La popularité des téléréalités de rénovation est loin de s'essouffler et cet automne, les nouveaux concepts rivalisent d'audace. Ces nouvelles émissions suivent la tendance des téléréalités de séduction et de cuisine en repoussant constamment les limites. Pour le meilleur et pour le pire.

DÉCO EXTRÊME

La pièce de montage de l'avenue du Mont-Royal n'a rien d'une salle de séjour dernier cri, mais c'est dans ce local froid que prend forme la dernière tendance en téléréalité au Québec. En 12 épisodes, le comédien Patrick Brosseau et sa conjointe designer Lorna Gordon invitent les téléspectateurs à les accompagner pas à pas dans la sérieComment rénover et faire 100 000 $ en 6 mois. On promet bons coups, trucs et conseils de flip immobilier.

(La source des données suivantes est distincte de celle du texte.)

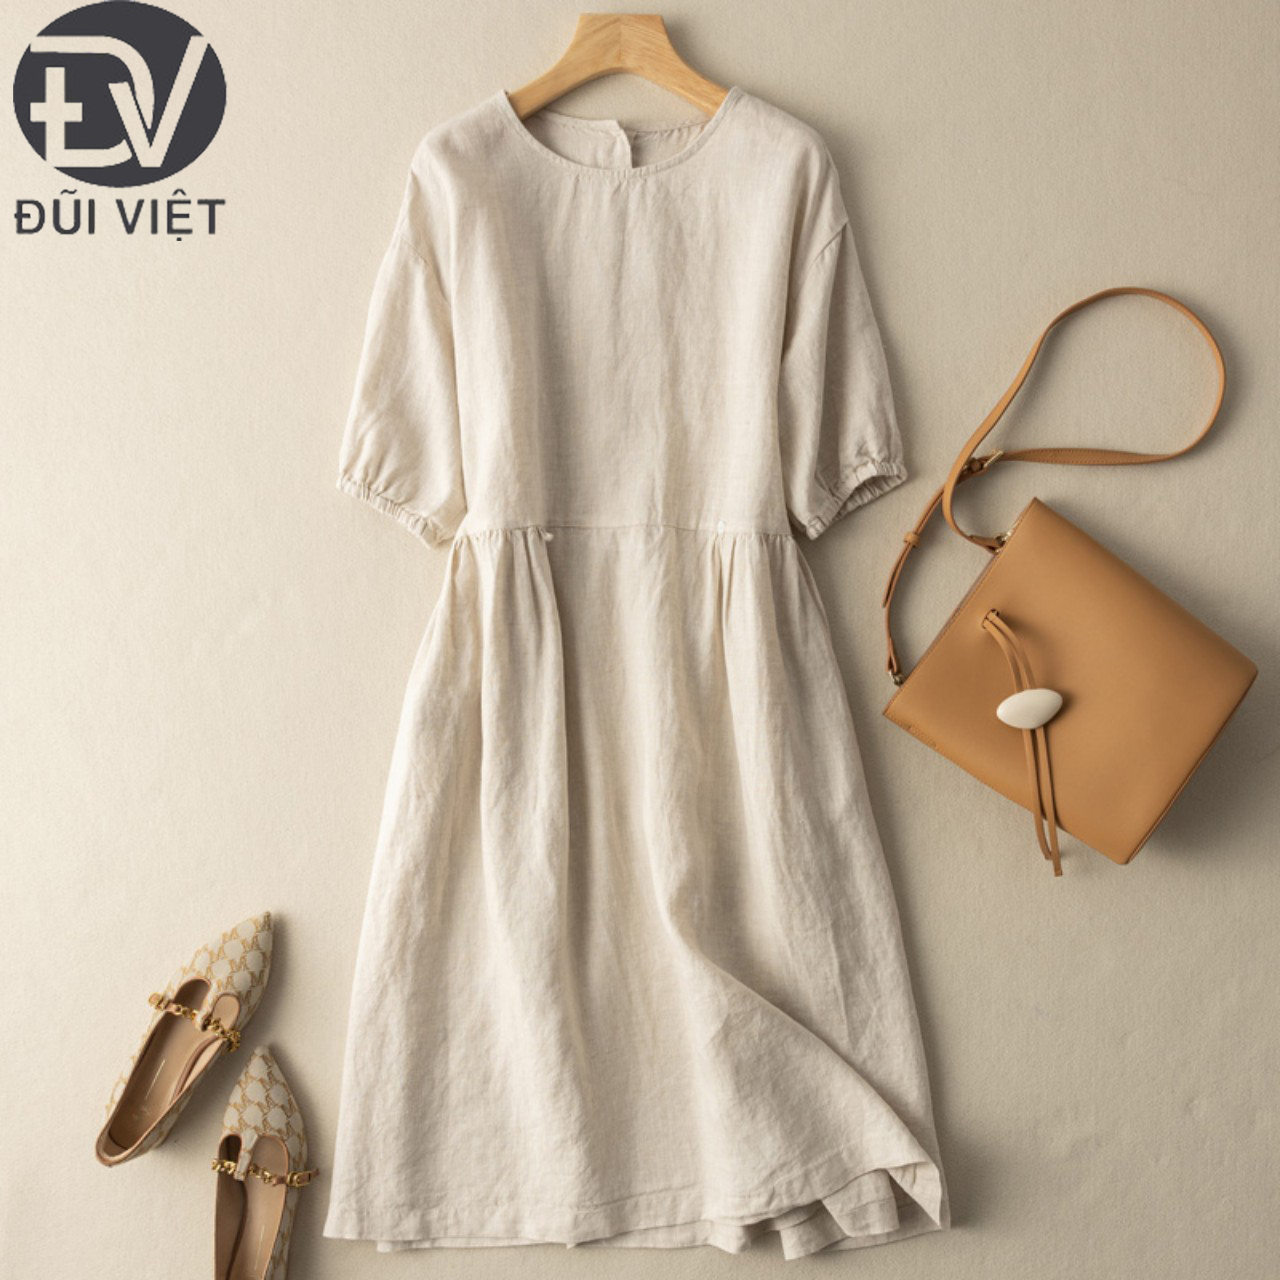 Đầm linen dáng suông Trơn Thời Trang Thanh Lịch Phong Cách Hàn Quốc - Đũi Việt DV188

Depuis peu, on repousse les limites des téléréalités au Québec, en suivant l'exemple américain. Les maisons de production relaient aux oubliettes les émissions de déco style magazine. À preuve, l'émission Décore ta vie, un concept consistant à offrir au participant un nouveau décor dans une pièce, présentera sa dernière saison cet automne, après 16 ans à l'antenne de Canal Vie.

Réalisatrice terrain à Décore ta vie, Nicole Dussault, qui veille au montage d'épisodes deComment rénover et faire 100 000 $ en 6 mois, estime que le public est « prêt à autre chose, à quelque chose de plus gros ».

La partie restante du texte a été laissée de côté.